I have listened: Is it just me or does BBC sound like NPR or vice versa (perhaps they are the same)? In any event, 29 minutes of flat, monotone, voices makes me want to to take an anti-psychotic. And there is unnecessary repetition that seems to it drag it on...and on.

- But then, maybe CBT would also allow me to even view this from a different perspective.
 
Messages
13,774
Gone on Esther! 'Treat' yourself and have a listen :)

I've not listened to the programme but did allow myself the pleasure of reading the paper which led on to this (open access): http://www.mentalhealthexcellence.o...ns/Morrison et al. (2011) CT with no meds.pdf

It doesn't look great to me, but it was only an exploratory trial and this is not an area I know well enough to really comment. Schizophrenia seems like such a difficult topic. I'm just really glad not to have to deal with those sorts of problems myself.

As treats go, I'd rate this as less fun than Disney world.

I have listened: Is it just me or does BBC sound like NPR or vice versa

Yeah - it's that sort of thing.
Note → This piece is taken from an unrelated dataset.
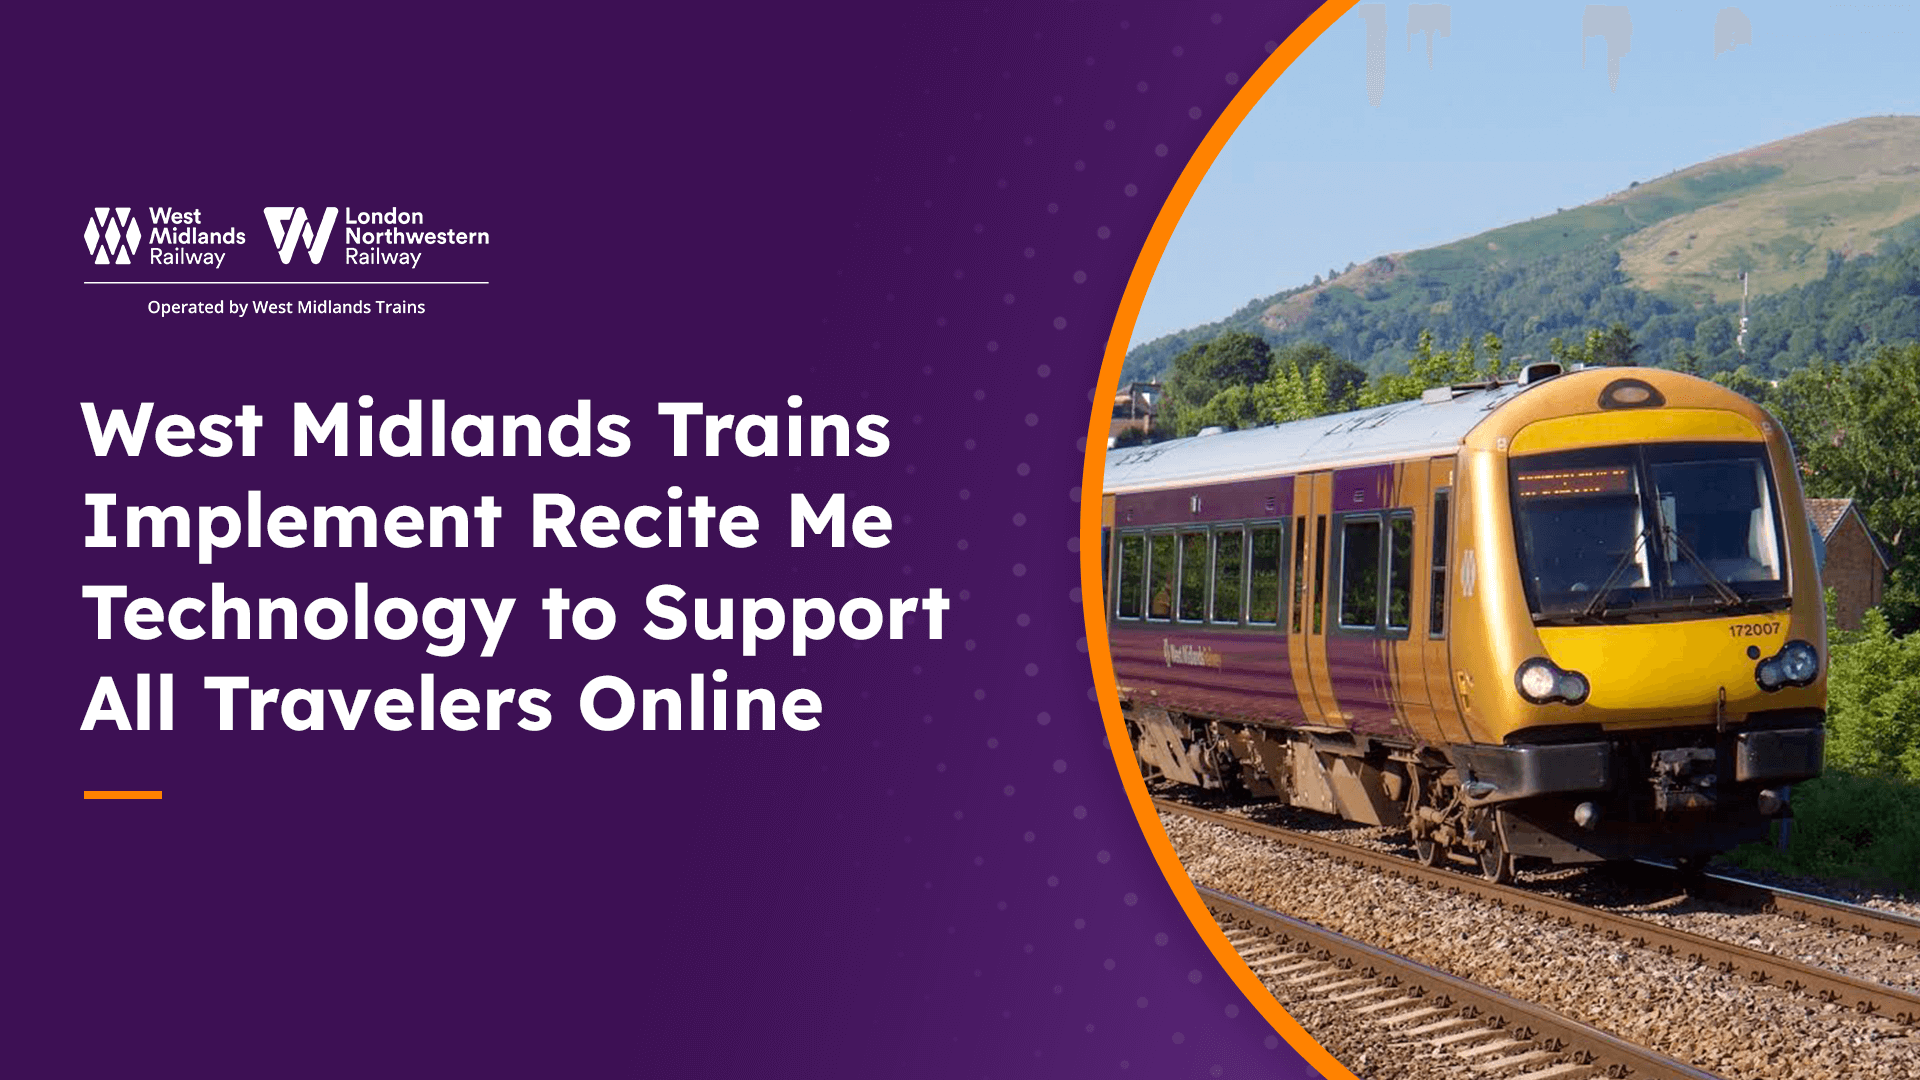 West Midlands Trains Implement Recite Me Technology to Support All Travelers Online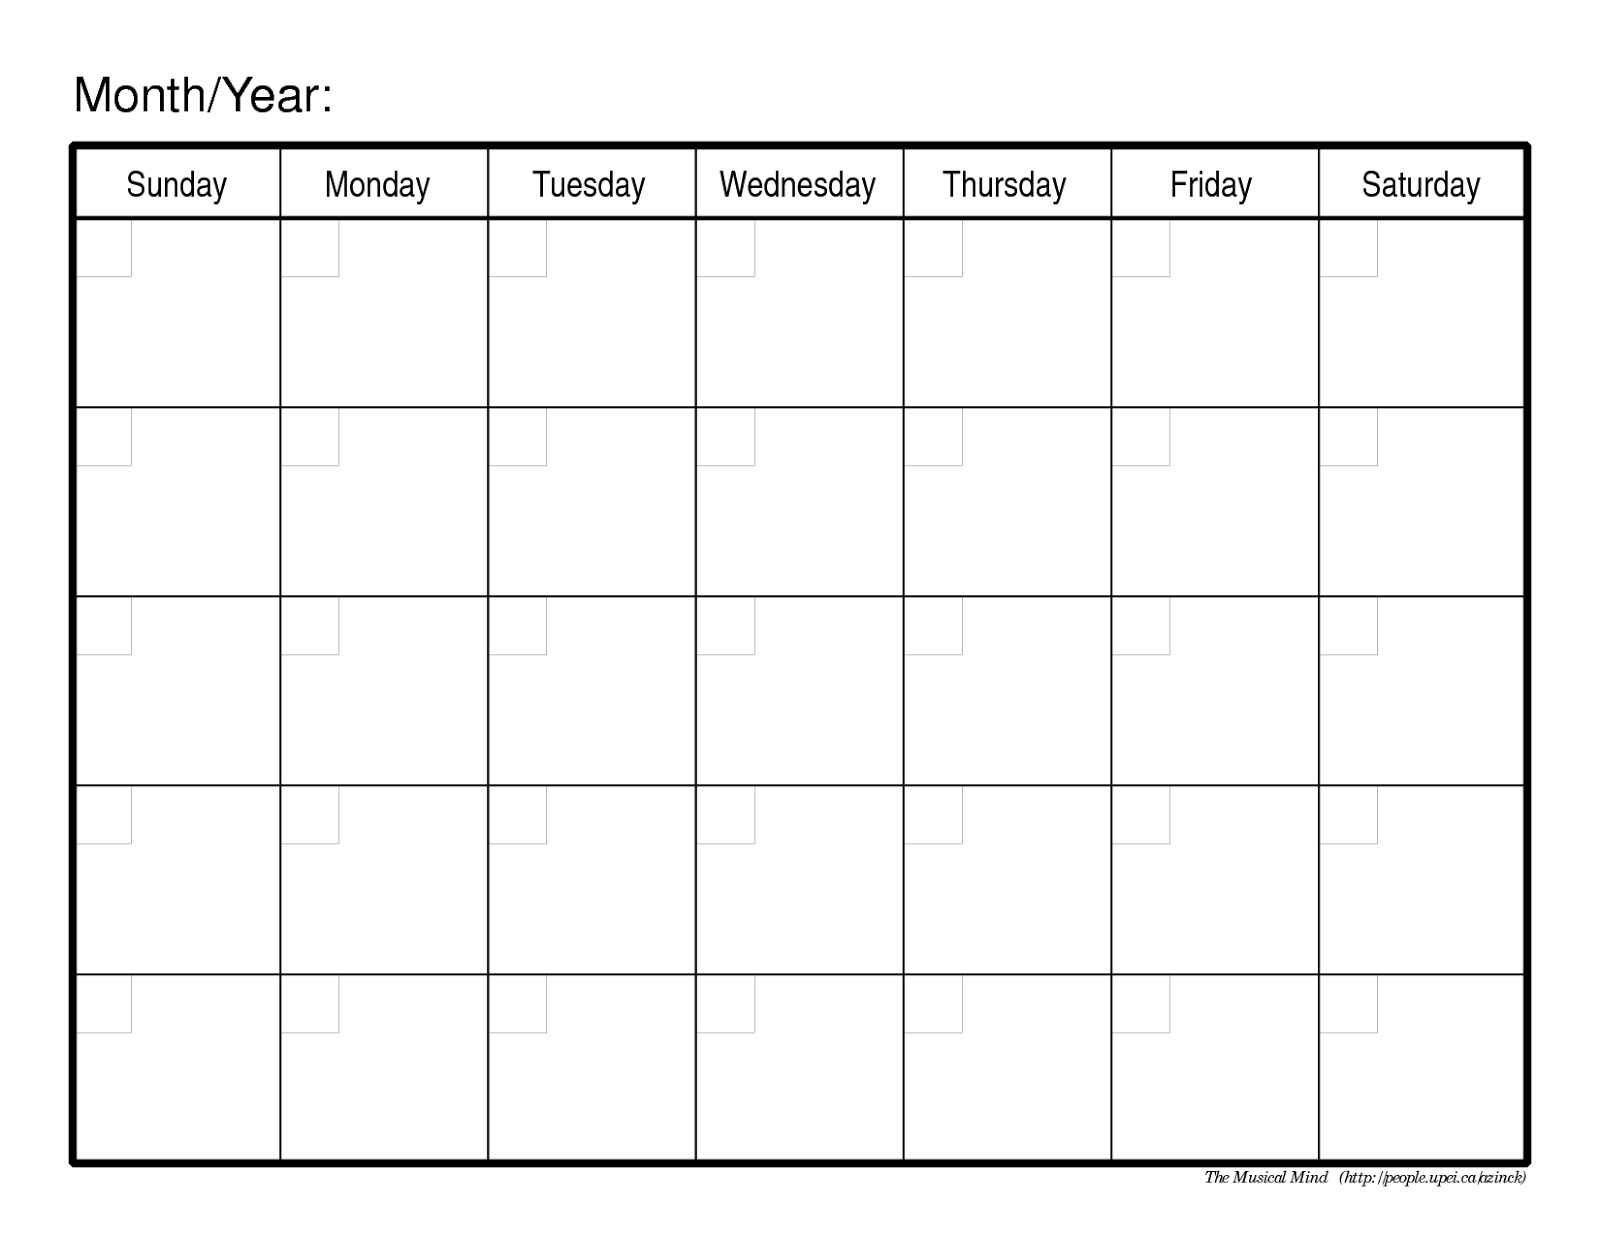 Monthly Calendar No Dates – Printable Month Calendar Blank Monthly Planner No Dates

But the BBC has a lot more money, is less good, and is a pretty dominant player in British media.
 
Messages
13,774
I 'liked' your comment above Esther except the bit about the BBC. Don't know what you're talking about there I am afraid :)

Maybe I only get the best bits of NPR! I've just turned my partner against the BBC - and they were someone who always loved cosy radio 4. The BBC is okay-ish, but it's more trusted and respected as an institution than it should be, and it's willing to look after it's own in order to maintain that trust and respect imo.

Was just looking at this, which looked at CBT in addition to medication (improving adherence to treatment is one of the way's CBT is thought to help):

http://www.ncbi.nlm.nih.gov/pubmed/19476688


CONCLUSIONS:

CBT is no better than non-specific control interventions in the treatment of schizophrenia and does not reduce relapse rates. It is effective in major depression but the size of the effect is small in treatment studies. On present evidence CBT is not an effective treatment strategy for prevention of relapse in bipolar disorder.

Controversial area, but to me it looks like CBT is over-hyped in a wide range of areas. For anxiety, it seems like a sensible approach, and has better evidence for efficacy there too... but the spin that surrounds it in other areas makes me feel somewhat sceptical about all claims of efficacy. I'm also much more aware of the dangers that occur when CBT places medical staff in positions of authority over the minds of others than I was previously.

I think that we're going to look back at the way CBT came to dominate MH, and regret it.
 

Firestormm

Senior Member
Messages
5,055
Location
Cornwall England
Maybe I only get the best bits of NPR! I've just turned my partner against the BBC - and they were someone who always loved cosy radio 4. The BBC is okay-ish, but it's more trusted and respected as an institution than it should be, and it's willing to look after it's own in order to maintain that trust and respect imo.

Was just looking at this, which looked at CBT in addition to medication (improving adherence to treatment is one of the way's CBT is thought to help):

http://www.ncbi.nlm.nih.gov/pubmed/19476688




Controversial area, but to me it looks like CBT is over-hyped in a wide range of areas. For anxiety, it seems like a sensible approach, and has better evidence for efficacy there too... but the spin that surrounds it in other areas makes me feel somewhat sceptical about all claims of efficacy. I'm also much more aware of the dangers that occur when CBT places medical staff in positions of authority over the minds of others than I was previously.

I think that we're going to look back at the way CBT came to dominate MH, and regret it.

Very interesting study from Glasgow there Esther. Thanks.

Lol. What's NPR?! Sorry. I haven't a clue (Radio 4 LOVE IT!!) :)
 
Messages
13,774
Lol. What's NPR?! Sorry. I haven't a clue (Radio 4 LOVE IT!!) :)

Sorry - NPR: America's broadcaster with the ethos the BBC is meant to have, but much less money. Does some good in depth news shows, and things like 'This American Life' which is a series of amusing mini-documentary things.